> Data to process
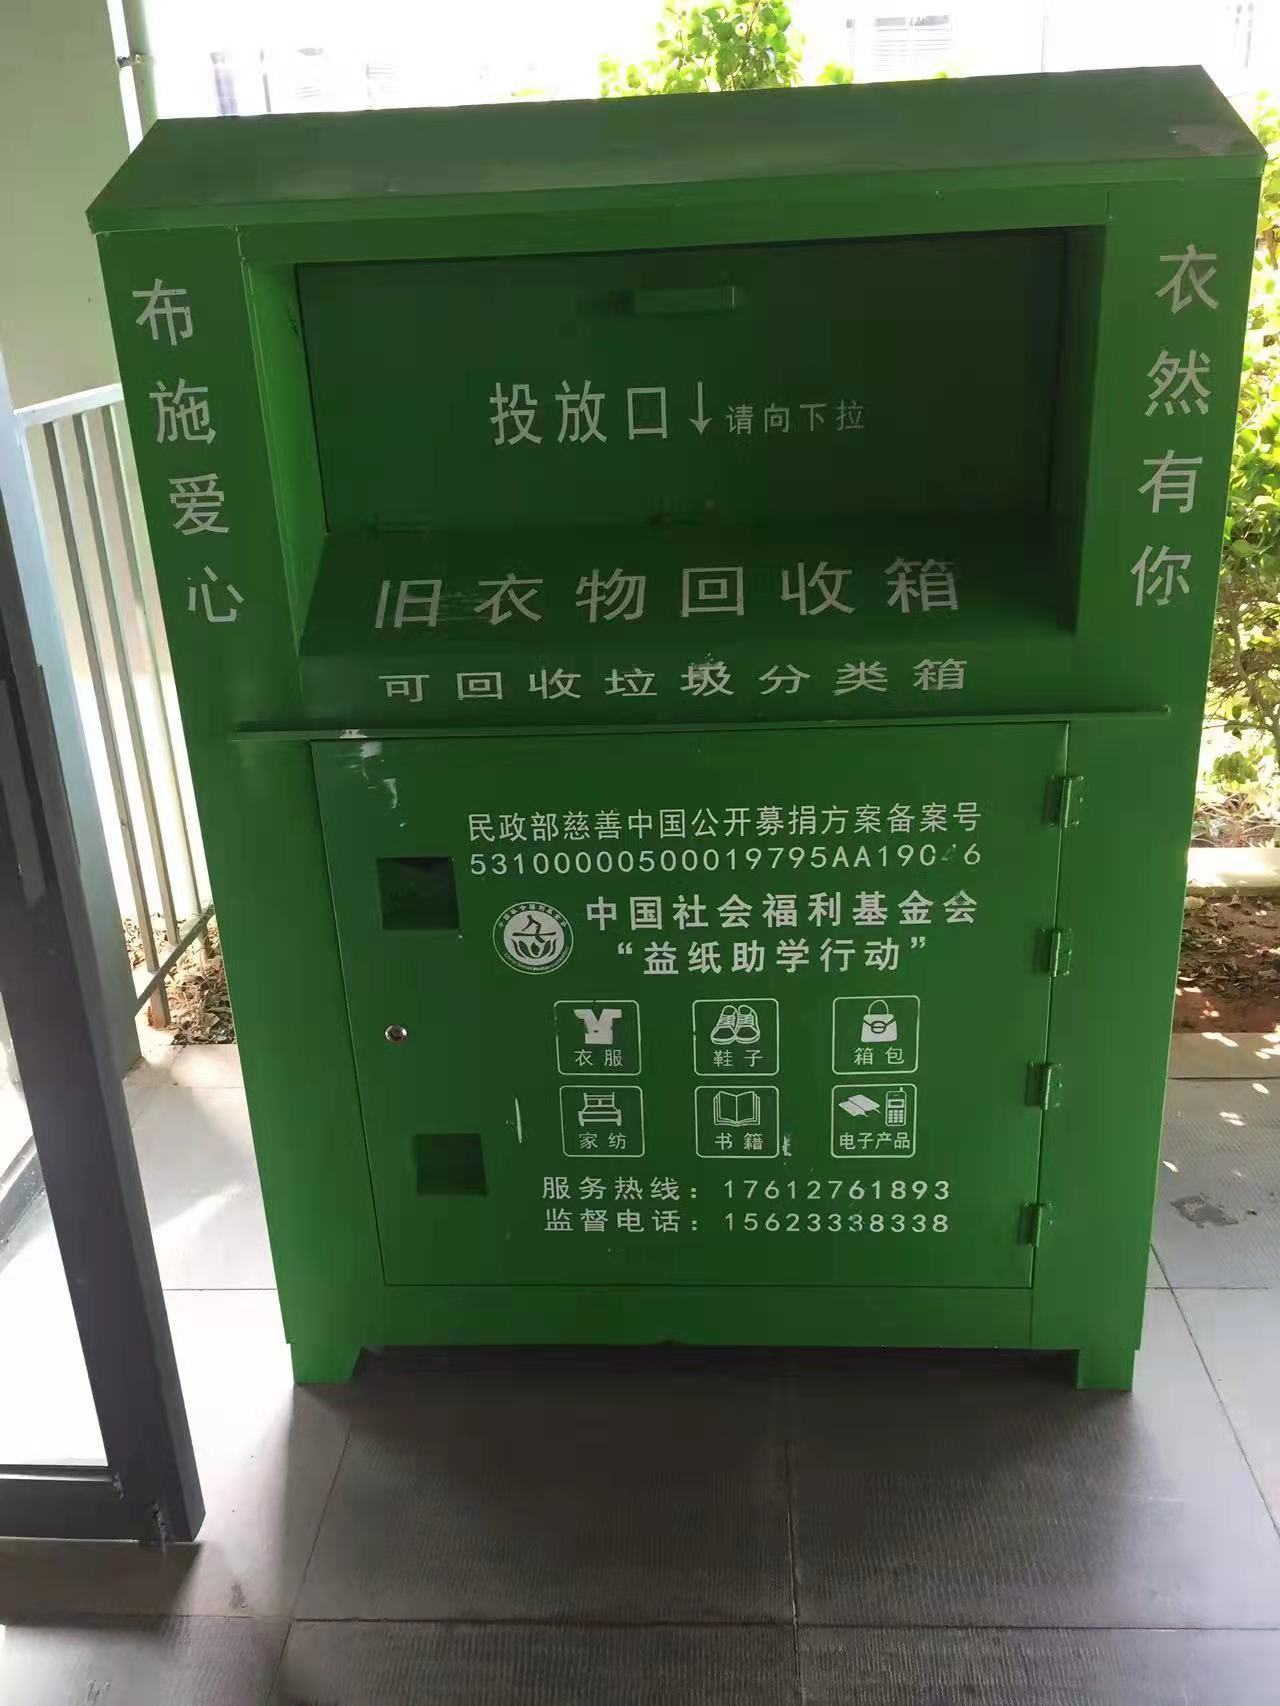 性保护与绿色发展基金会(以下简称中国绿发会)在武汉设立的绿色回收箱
==
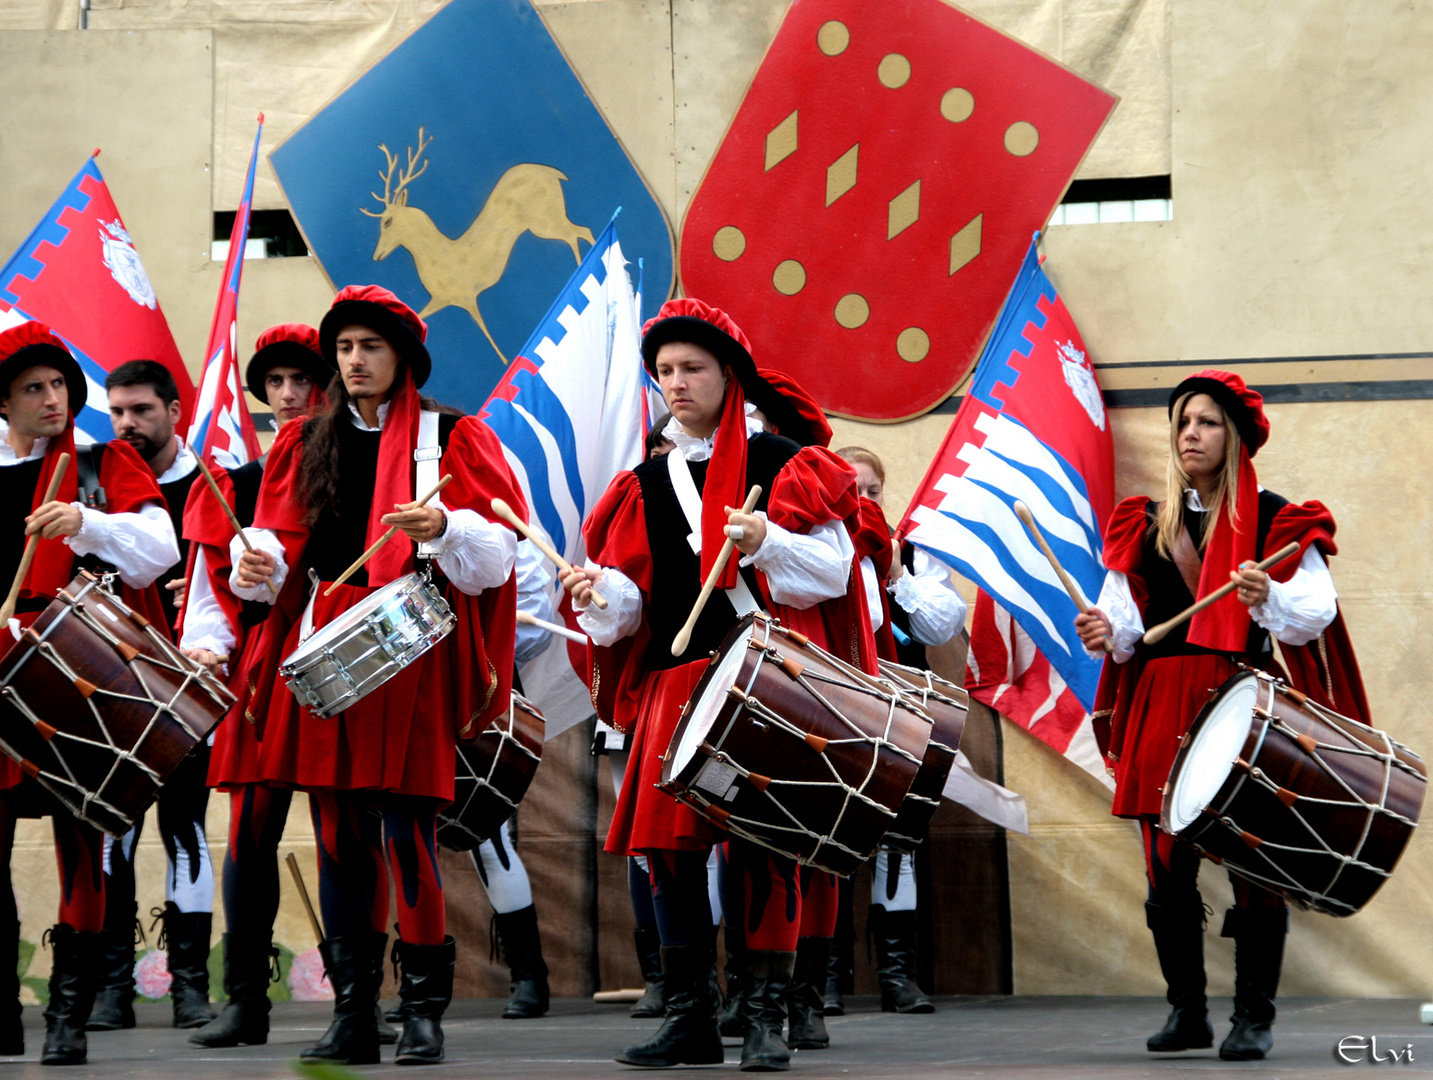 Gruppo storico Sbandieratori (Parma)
==
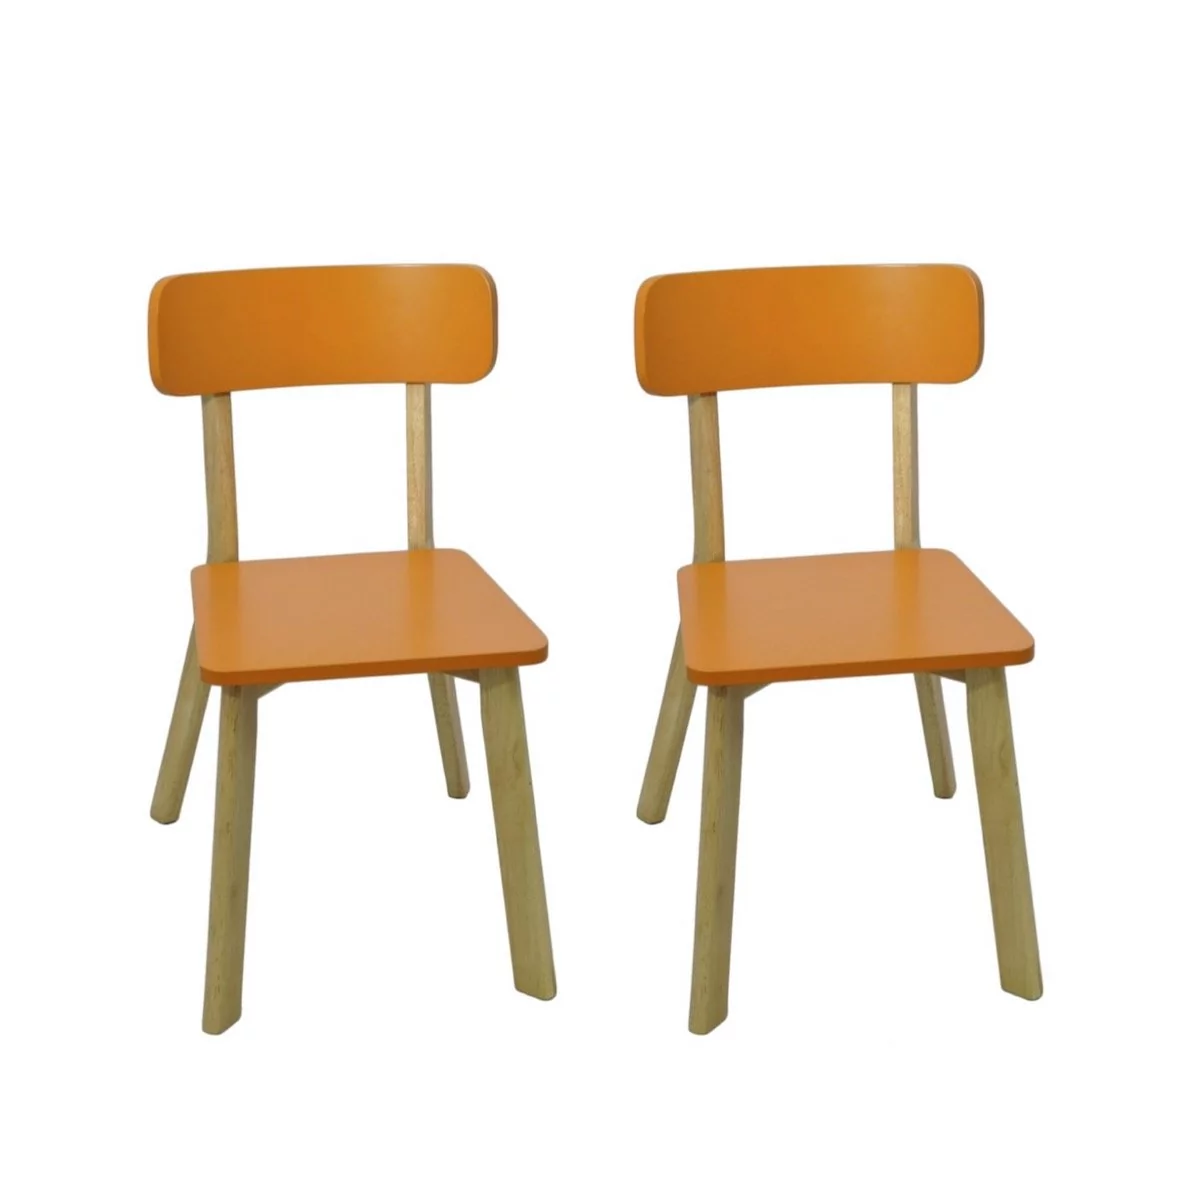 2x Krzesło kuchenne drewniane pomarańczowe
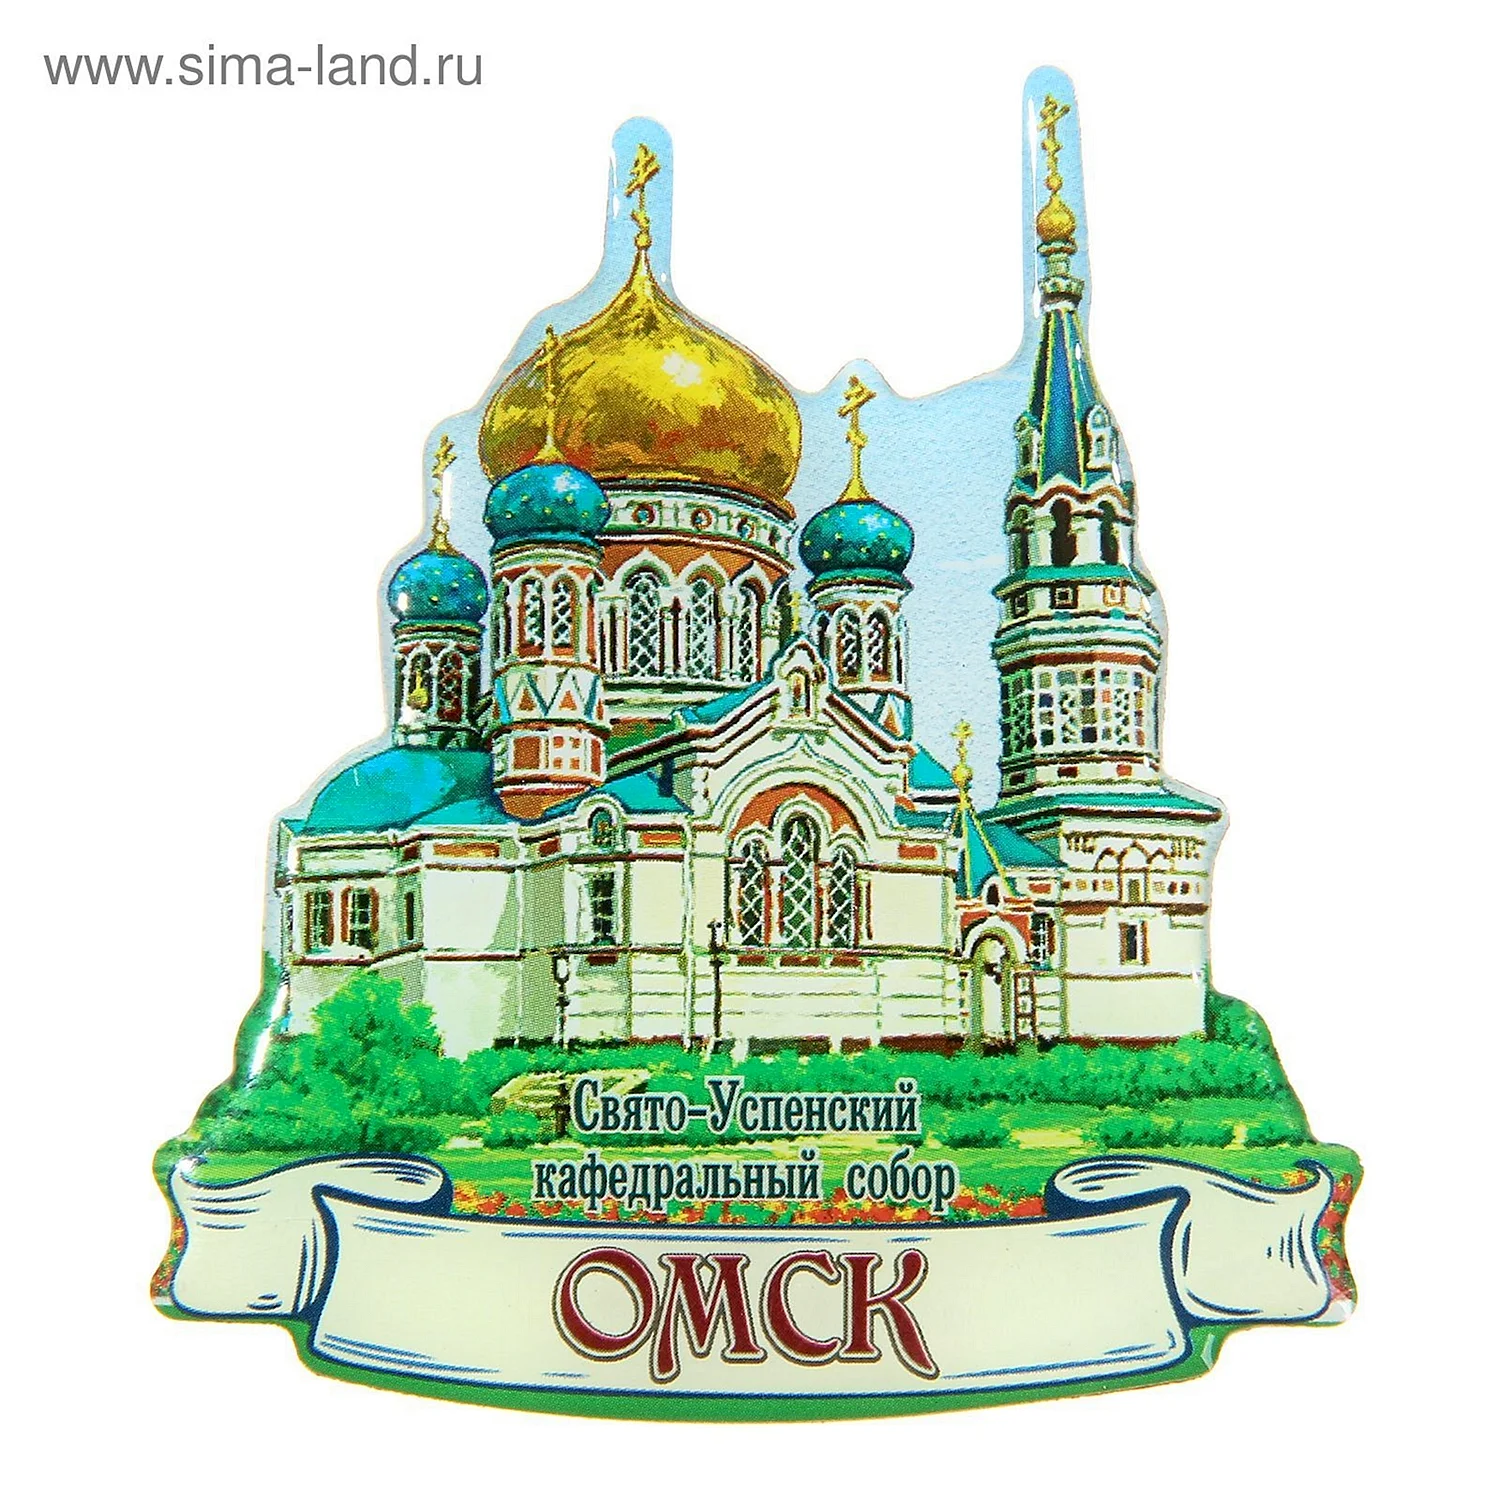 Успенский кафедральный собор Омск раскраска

> Brief
Set the pictures aside and reproduce exactly the lines above, from the line holding "2x Krzesło kuchenne drewniane pomarańczowe" through the line holding "Успенский кафедральный собор Омск раскраска", both included, with nothing else.

> Worked solution
 2x Krzesło kuchenne drewniane pomarańczowe
 Успенский кафедральный собор Омск раскраска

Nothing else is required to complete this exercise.